GHSA-7h74-7vcw-4mwp: 
PHP vulnerability analysis and mitigation

The vulnerability (GHSA-7h74-7vcw-4mwp) is an Insecure Deserialization issue discovered in FLOW3, affecting versions 1.0.0 to 1.0.4. The vulnerability was disclosed on March 28, 2012, and was identified by TYPO3 Security Team Member Helmut Hummel. The issue has been classified as Low severity with a CVSS score of 3.7 (GitHub Advisory, Neos Blog).

The vulnerability stems from a missing signature (HMAC) for a request argument, which could allow an attacker to unserialize arbitrary objects within FLOW3. The vulnerability has been assigned a CVSS v3.1 base score of 3.7, with the vector string CVSS:3.1/AV:N/AC:H/PR:N/UI:N/S:U/C:N/I:L/A:N, indicating network attack vector, high attack complexity, no privileges required, and no user interaction needed (GitHub Advisory).

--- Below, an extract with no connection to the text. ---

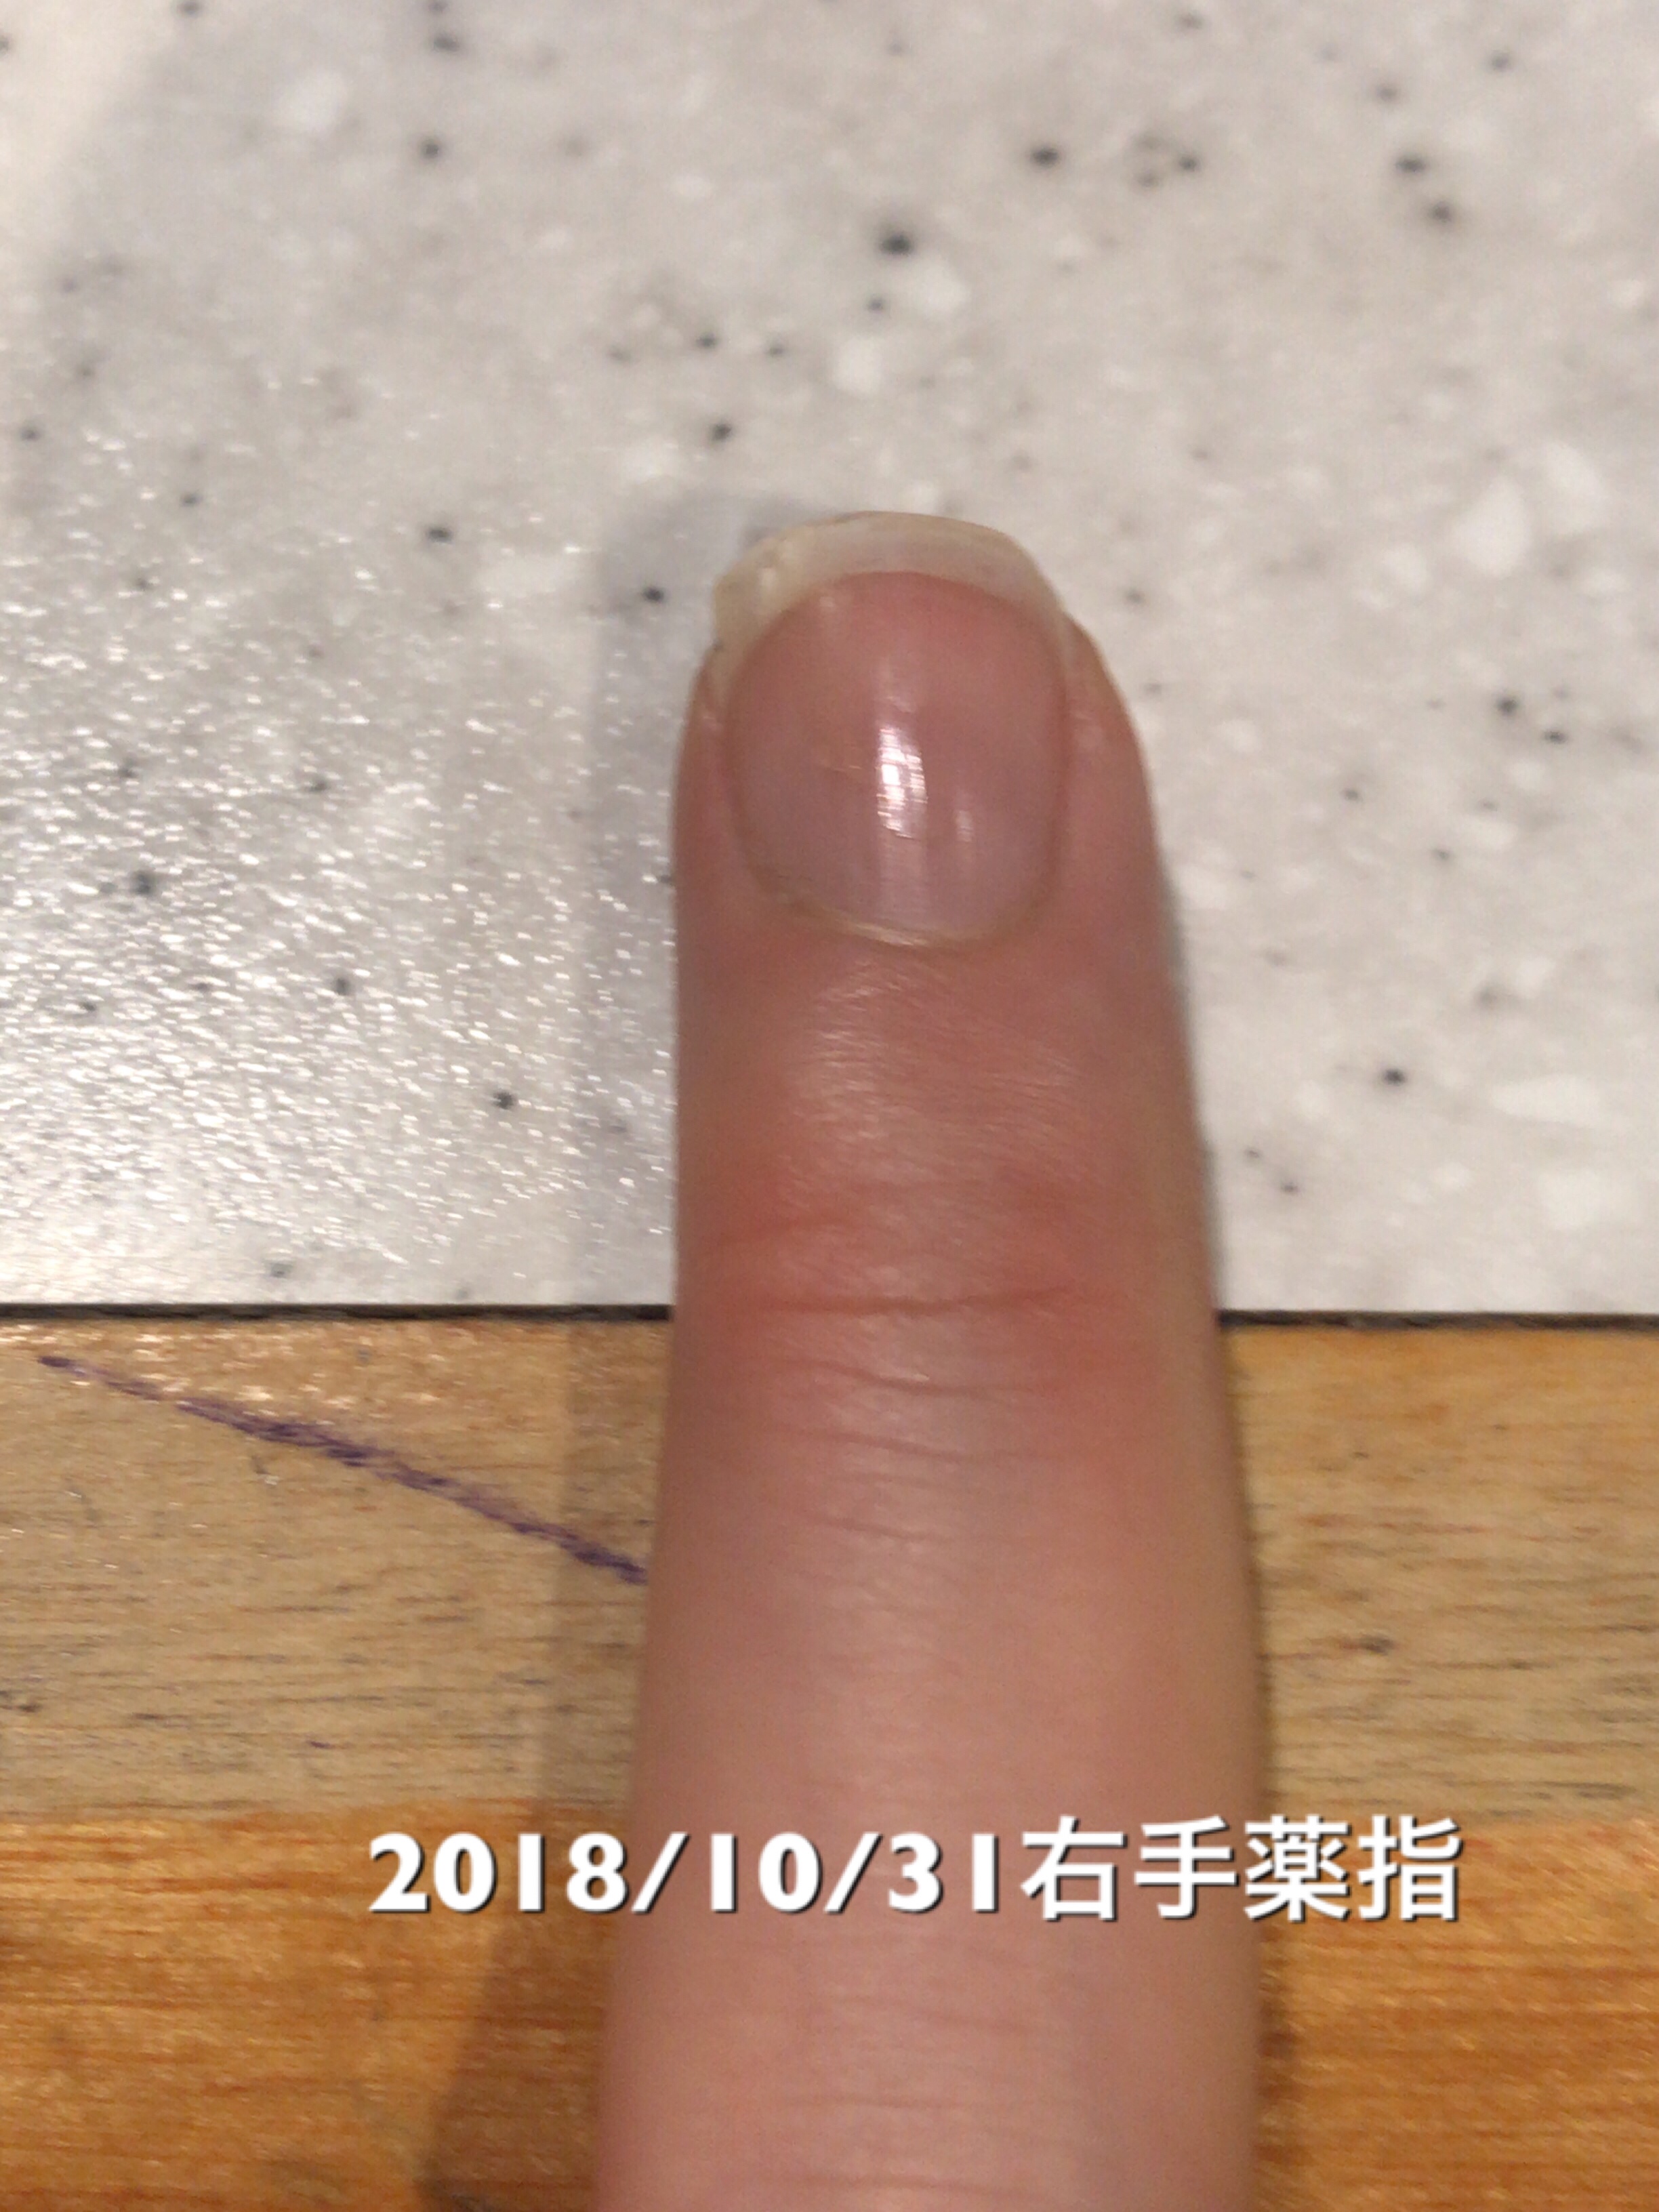 右手薬指は今回は変化なし。
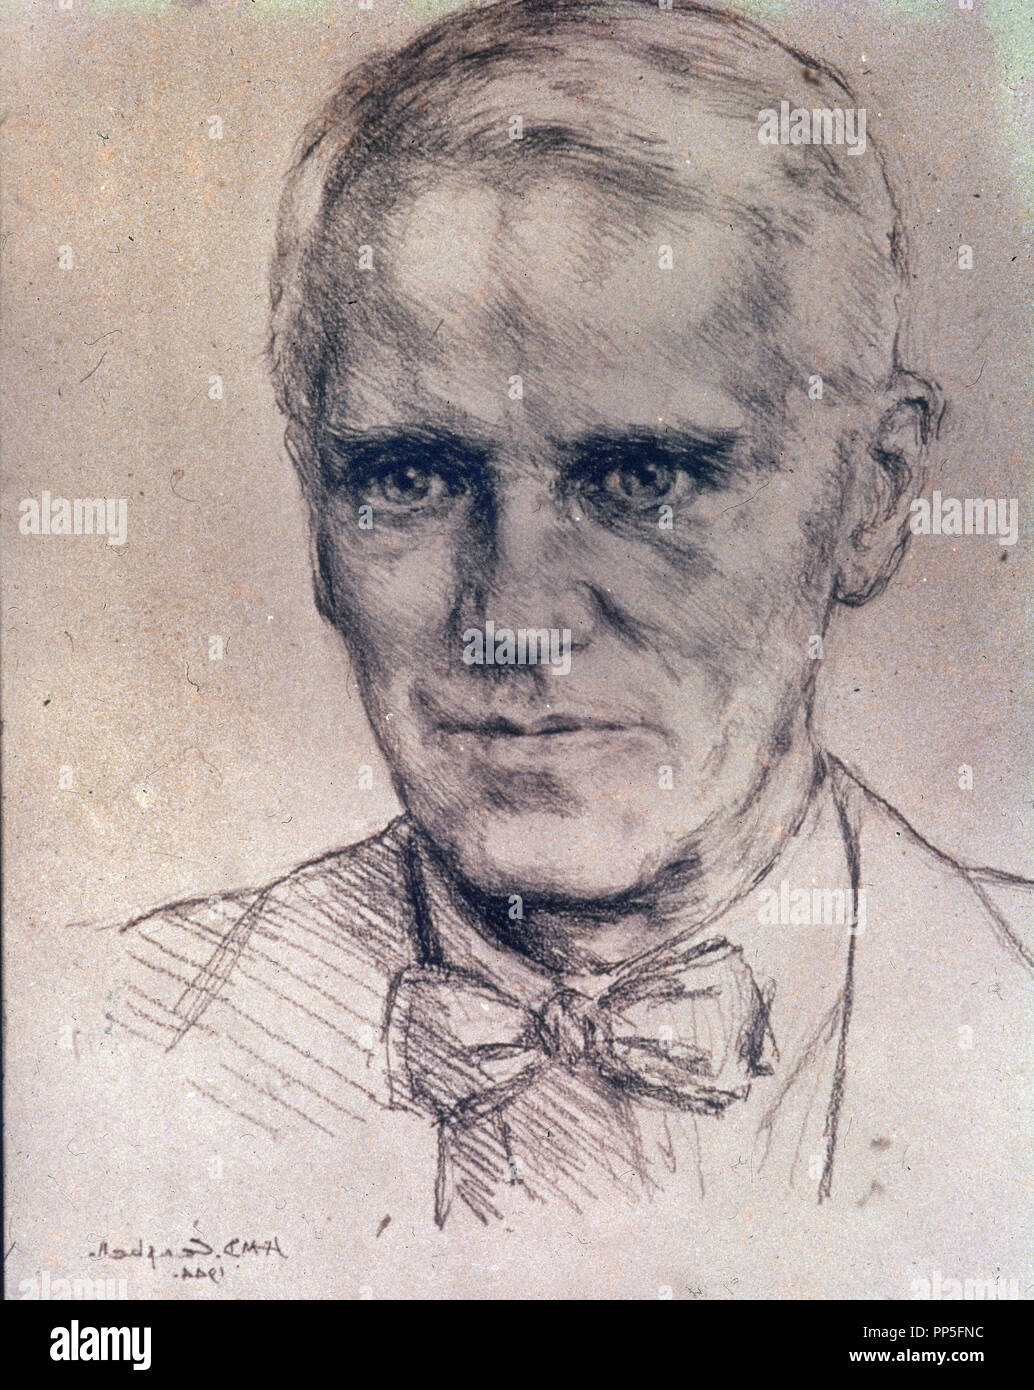 ALEXANDER FLEMING (1881-1955) - medico scozzese, microbiologo e farmacologo. Foto Stock

According to the security advisory, while the vulnerability allows for unserialization of arbitrary objects, there are no known exploitable objects within the FLOW3 Base Distribution. However, there might be exploitable objects within user applications that could be affected (Neos Blog).

The vulnerability has been patched in FLOW3 version 1.0.4. Users are advised to update to this version or later to address the security issue. The same problem was also identified in the Extbase Framework in TYPO3, and users should refer to the advisory TYPO3-CORE-SA-2012-001 for additional information (Neos Blog).